KEMENANGAN SIBER! DITRESSIBER POLDA JATIM GAGALKAN REKAMAN JAHAT: 260 WEBSITE SEKOLAH & NEGARA DIBEBASKAN DARI CENGKRAMAN PASAR JUDI ONLINE



 SURABAYA || Suarapublikindonesia.my.id — Ini adalah bukti ketajaman mata dan ketangguhan tangan aparat kepolisian di ruang digital! Di tengah ancaman kejahatan yang tak kasat mata namun mematikan, Direktorat Reserse Siber (Ditressiber) Polda Jawa Timur mencetak sejarah gemilang: mematahkan strategi licik sindikat yang berani menodai aset pendidikan dan negara dengan menjadikannya papan iklan judi online. Sebanyak 260 website—mulai dari sekolah, universitas, instansi pemerintah hingga perusahaan—berhasil diamankan kendalinya dari pembajakan massal yang merugikan nama baik bangsa.
 

JEJAK DILACAK, PELAKU DIRINGKUS!

Berkat penyelidikan presisi yang menelusuri serat-serat data, tim kepolisian berhasil melacak hingga ke sarang pelaku dan mengamankan tersangka kunci berinisial AAK asal Demak, Jawa Tengah. Kabid Humas Polda Jatim, Kombes Pol. Jules Abraham Abast, dengan tegas memaparkan kemenangan ini di hadapan pers: "Kejahatan siber yang berani merampas hak akses lembaga pendidikan dan negara serta mencoreng citranya demi keuntungan haram judi online, telah kami putus aksinya. Polri tidak membiarkan ruang digital menjadi ladang penjahat!" ujarnya dalam konferensi pers Kamis (30/7/2026).

 

MODUS LICIK YANG DIUNGKAP TUNTAS

Direktur Ditressiber, Kombes Pol. Bimo Ariyanto, S.H., S.I.K., membongkar taktik pelaku yang kini terbongkar total:

✅ Menyusup lewat celah keamanan yang terabaikan.

✅ Mengambil alih otoritas domain secara paksa & memblokir pemilik sah.

✅ Memperjualbelikan "aset bajakan" di pasar gelap Telegram bernama S-X MARKETS.

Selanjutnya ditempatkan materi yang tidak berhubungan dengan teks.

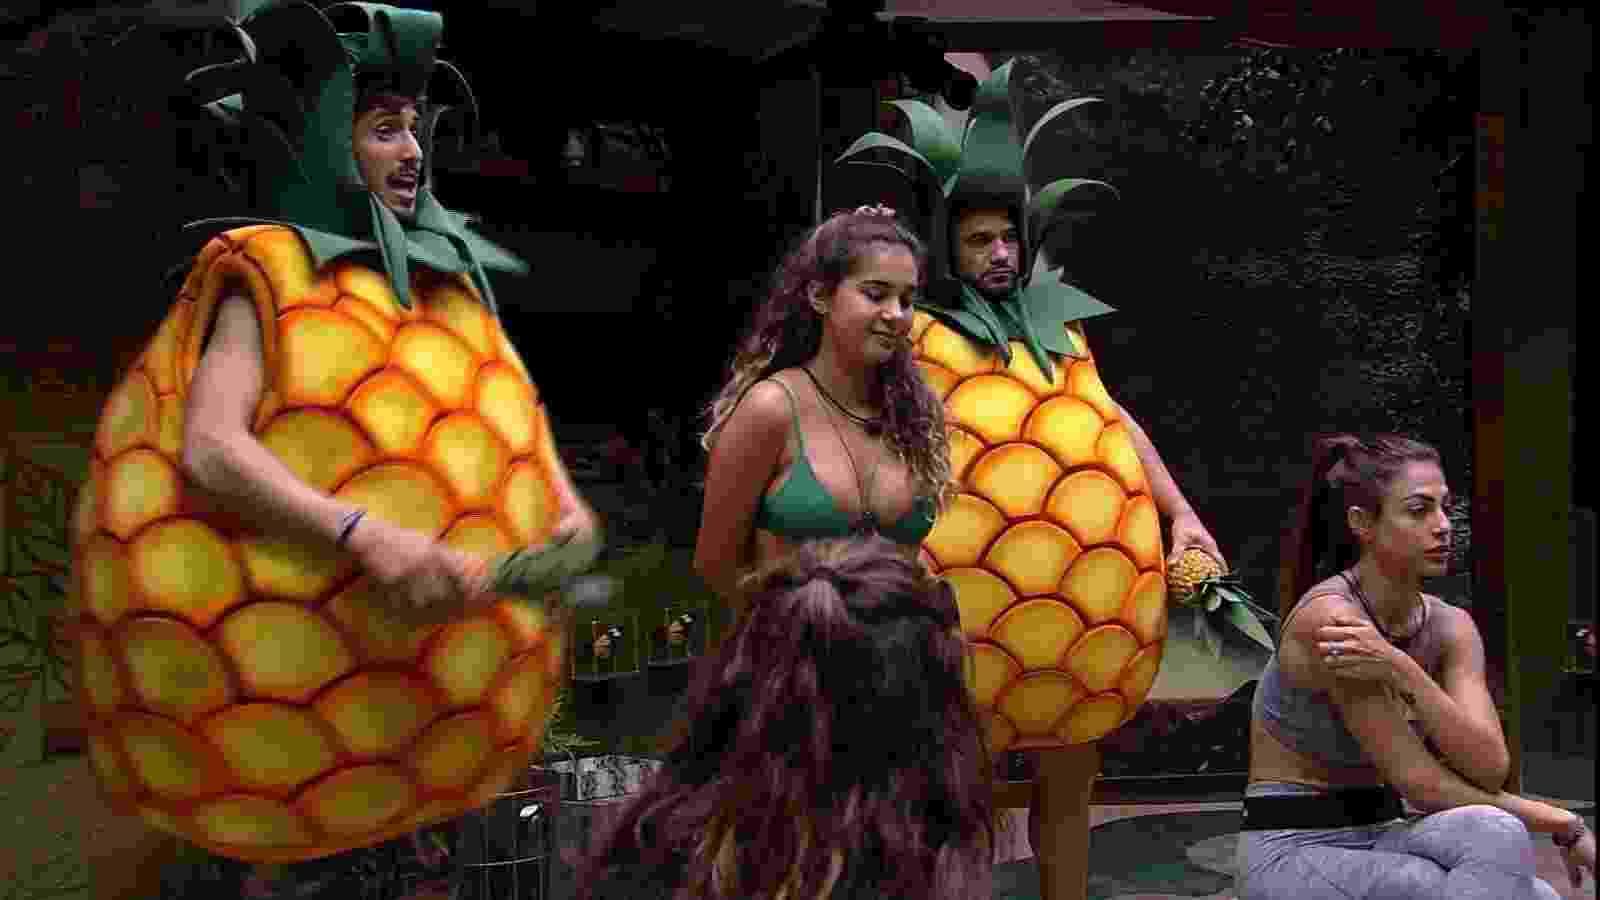 bbb 20: Hadson de abacaxi - Reprodução/Globoplay
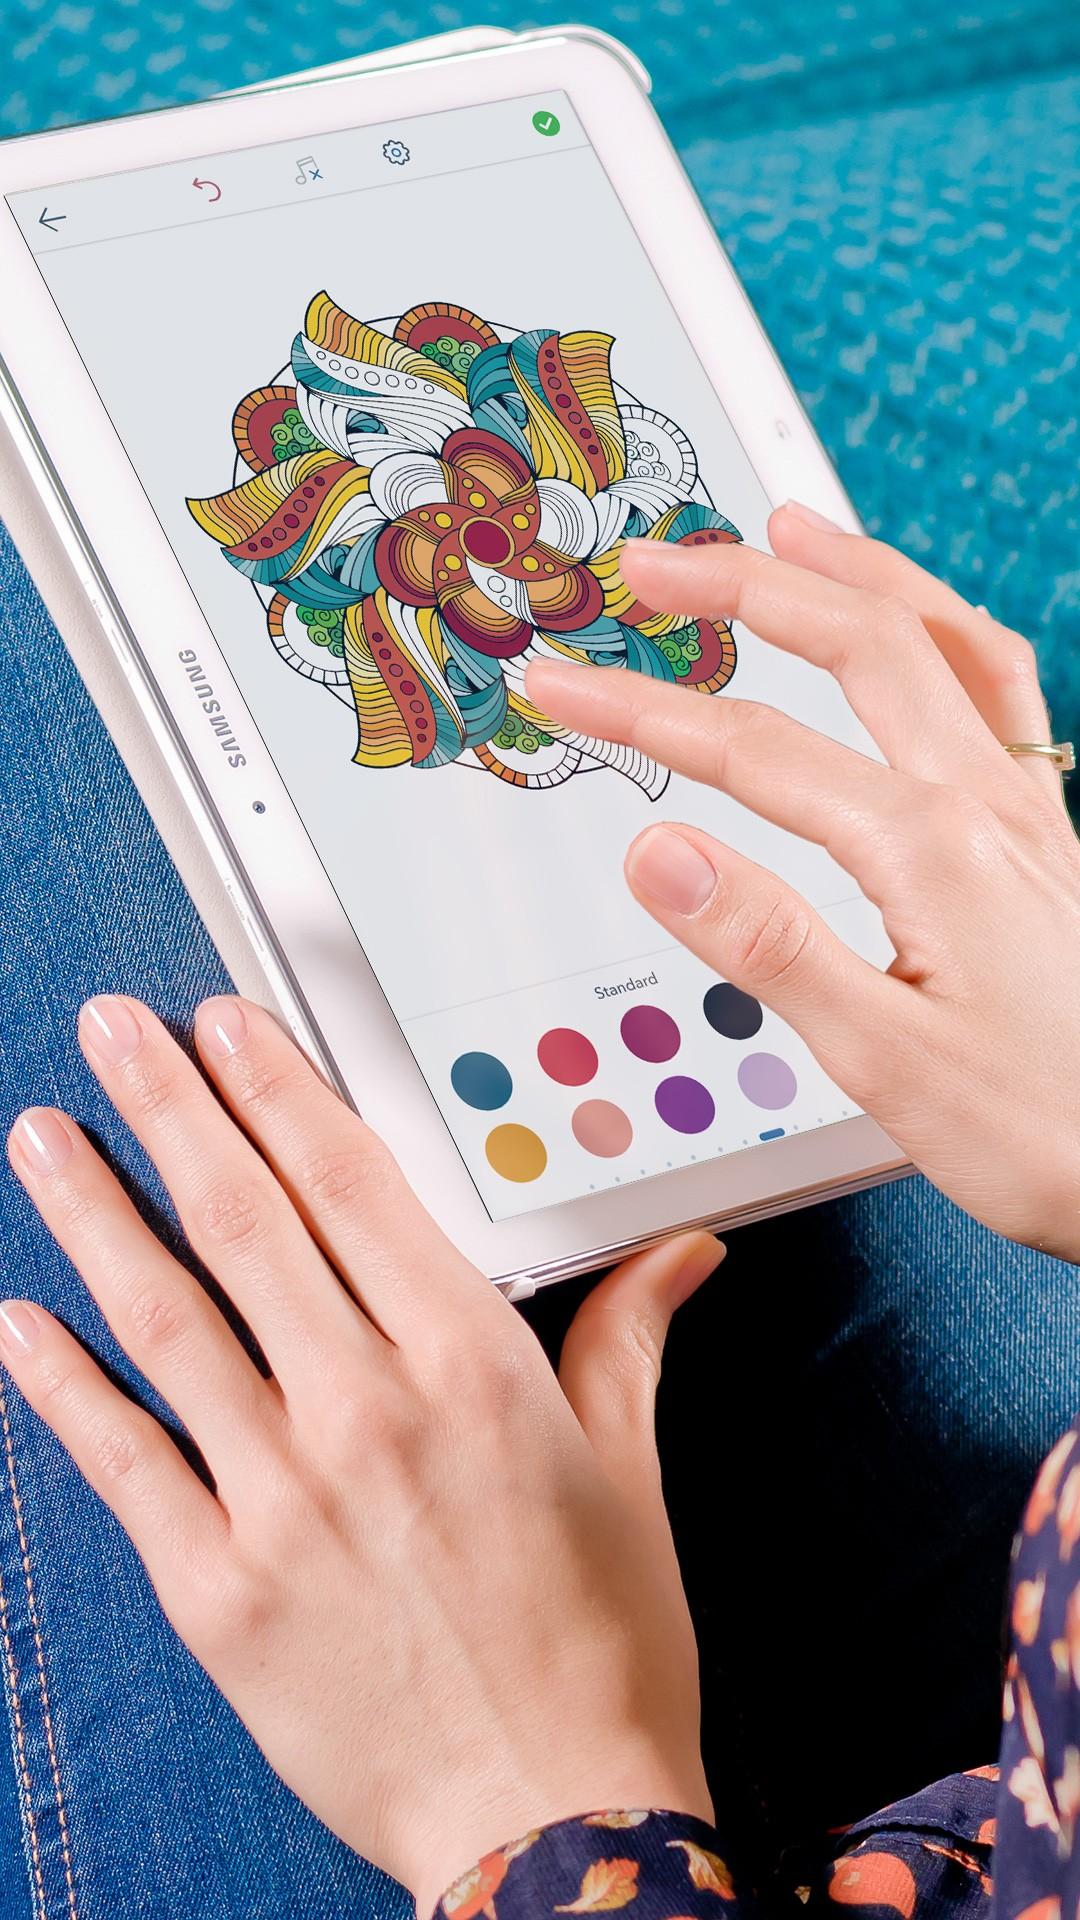 Magic Mandalas: Coloring Pages

✅ Menyisipkan subdomain berisi iklan judi yang menipu pengunjung.

"Kami memulihkan kedaulatan website ini agar kembali suci dari konten berbahaya," tegas Bimo dengan tajam.

 

LUAS DAMPAK, TEGAS PENANGANAN

Kejahatan ini merambah lintas provinsi, namun Polda Jatim mampu memotong jalannya:

➡️ 80 Sekolah & 20 Perguruan Tinggi (termasuk Univ. PGRI Madiun)

➡️ 13 Instansi Pemerintah

➡️ 147 Perusahaan Swasta

 

BUKTI MENGGUNUNG, TERSANGKA DIKURUNG, JARINGAN DIBURU

Penyidik menyita perangkat bukti krusial: HP, akun Telegram, dompet digital, dan rekening bank. Tersangka kini tertahan jeruji besi. Namun ketajaman polisi tak berhenti: penyidikan diperluas untuk memburu jejak pembeli dan otak di balik layar agar kejahatan tidak berulang.

 

APRESIASI MENDALAM DUNIA PENDIDIKAN

Bambang Eko Nugroho, S.H. (Unipma), mengaku lega dan bangga: "Polri adalah benteng kami. Terima kasih telah membersihkan nama institusi kami dari fitnah digital!"

 

PERINGATAN KERAS POLISI:

Tidak ada celah gelap yang abadi! Perkuat sistem keamanan Anda, dan percayakan keamanan digital kepada kejelian aparat. Kejahatan siber akan selalu menemukan jalannya diputus oleh kepolisian yang sigap!